We know that the general series of arithmetic progression is given by \[a,\text{ }a+d,\text{ }a+2d,..a+\left( n-1 \right)d\]
Where a, d and n are the first term, the common difference of the series of arithmetic progression and the number of terms in the series of arithmetic progression.

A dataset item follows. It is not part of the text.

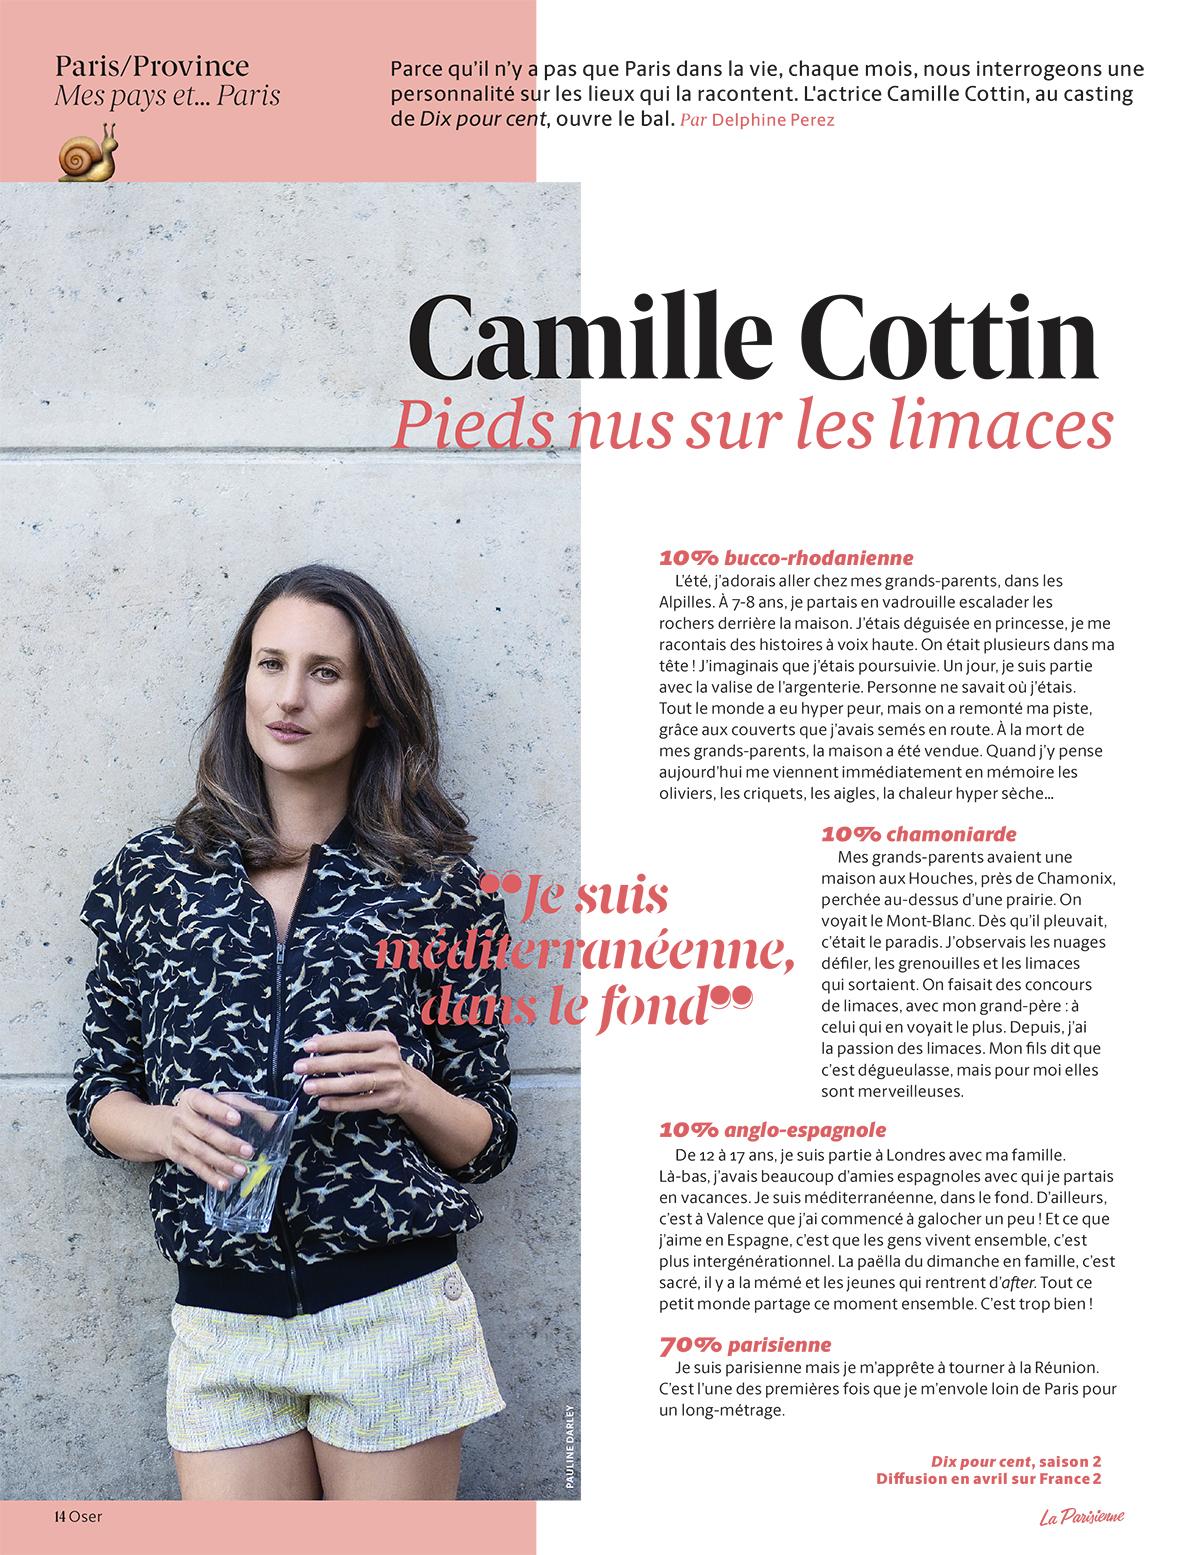 LP_01_1_PP_CamilleCottin_HRbd

The given \[{{n}^{th}}\] term of arithmetic progression = xn + y
We know from the above series of arithmetic progression that \[{{n}^{th}}\]term of the series is given by the formula a + (n - 1)d
\[\begin{align}
  & xn+\text{ }y=a+\left( n\text{ }-\text{ }1 \right)d \\
 & xn+y-a=\left( n\text{ }-\text{ }1 \right)d \\
\end{align}\]
By rearranging the terms, we get
\[d=\dfrac{xn+y-a}{(n-1)}\] ….. (1)
We know that a is first term of series,
Thus, we get the first term by substituting n = 1 in \[{{n}^{th}}\] term of arithmetic progression = xn + y
The first term fo the given series of AP = x(1) + y = x + y
The value of a = x + y
By substituting the value of a in equation (1), we get
\[d=\dfrac{xn+y-(x+y)}{(n-1)}\]
\[d=\dfrac{xn+y-x-y}{(n-1)}\]
\[d=\dfrac{xn-x}{(n-1)}\]
\[d=\dfrac{x(n-1)}{(n-1)}\]
\[\Rightarrow d=x\]
\[\therefore \] The common difference of the given arithmetic progression = x

Note: The possibility of mistake can be not using the arithmetic progression general series formula to compare and calculate the answer. Using another method of writing series using a pattern method will elongate the process of solving.